July 9, 2002
There is plenty of new information on the development of genotypic resistance to antiretroviral agents at this year's International AIDS Conference. It seems that the more we learn about genotypic resistance, the more complicated the topic becomes. Consequently, we can never fully understand or characterize a single mutation when new ones become relevant -- even mutations that we originally thought to be simple and straightforward. For example, mutation M184V, which confers resistance to 3TC, now appears to reveal itself as an important mutation potentially affecting pathways of resistance for other drugs.
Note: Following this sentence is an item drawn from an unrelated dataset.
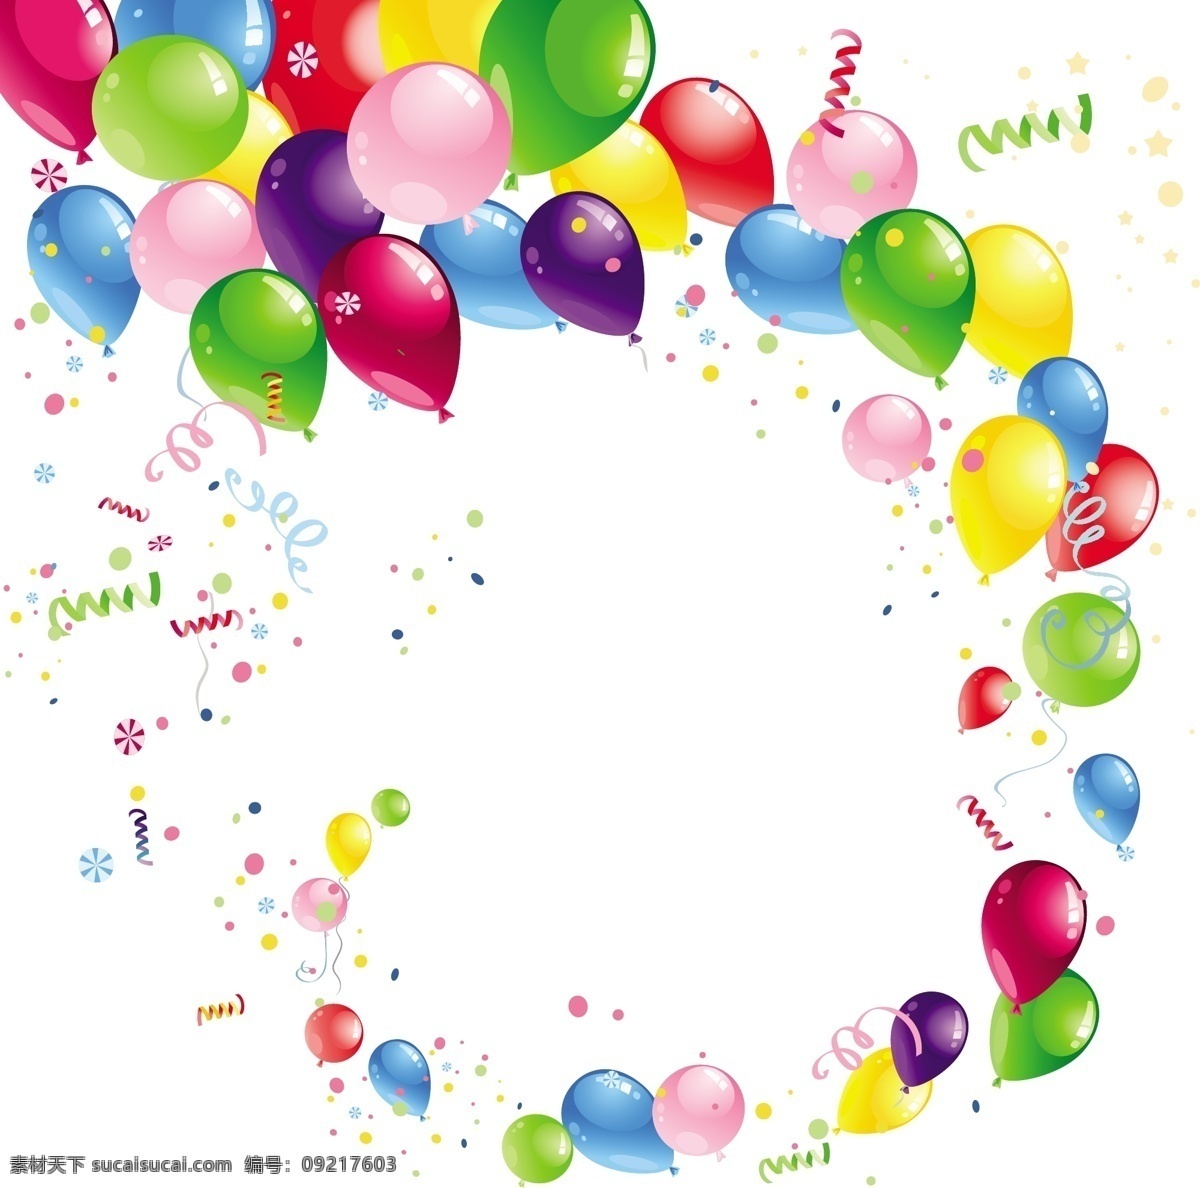 动感节日彩球 彩球 气球 动感 彩色气球 节日 祝福 庆祝 时尚 梦幻 背景 矢量 节日其他 节日素材

We have learned that HIV tends to develop resistance first to the agent with the lowest resistance barrier. Thus, virologic resistance to 3TC by the development of mutation M184V is common in patients rebounding from an original regimen, including, for example, AZT/3TC and a protease inhibitor. This mutation M184V not only confers resistance to 3TC, but also increases susceptibility to the thymidine analogues and to tenofovir. On the other hand, development of resistance to thymidine analogues and to most protease inhibitors appears to be more complicated, requiring for the most part multiple mutations before clinically significant resistance to these drugs is reached.
This study is trying to answer what is the prevalence of baseline mutations associated with phenotypic resistance to the NNRTI class in an experienced population, and what is the role of mutation M184V in that development.
The study data was collected using the information from 180 experienced patients who participated in the ZORRO trial. The ZORRO trial is a prospective cohort in which the tolerability and safety of abacavir in combination with other drugs is being followed both in naive and experienced patients. Genotypic and phenotypic resistance were conducted at baseline and at different intervals during the length of the trial.
Interestingly, the prevalence of NNRTI mutations (K103N, Y181C/I, G190A and Y188V) in the absence of mutation M184V was similar to the prevalence for having mutation M184V alone (without NNRTI-associated mutations) or having both mutations M184V and NNRTI-associated mutations simultaneously. When this data is matched to the duration of 3TC use (931 days) and NNRTI use (501 days), it appears that NNRTI-associated mutations may emerge before the M184V mutations develops.
The significance of this hypothesis, if true, is not clear. Certainly, it may be related to a higher prevalence of NNRTI mutations in the community than previously reported. If mutations to the NNRTI class, such as class-resistance mutation K103N is developed first, prior mutation M184V, that would explain why duration of therapy for subjects receiving NNRTI and 3TC therapy with isolates carrying the M184V and NNRTI mutations is longer than for subjects carrying only NNRTI-associated mutations.
Because this study is just trying to establish a potential explanation for the sequence in development of M184V and NNRTI-associated mutations, it has little immediate clinical relevance. However, perhaps in the future -- when we better understand the different resistance pathways -- we can intervene and influence or favor one mutation over others.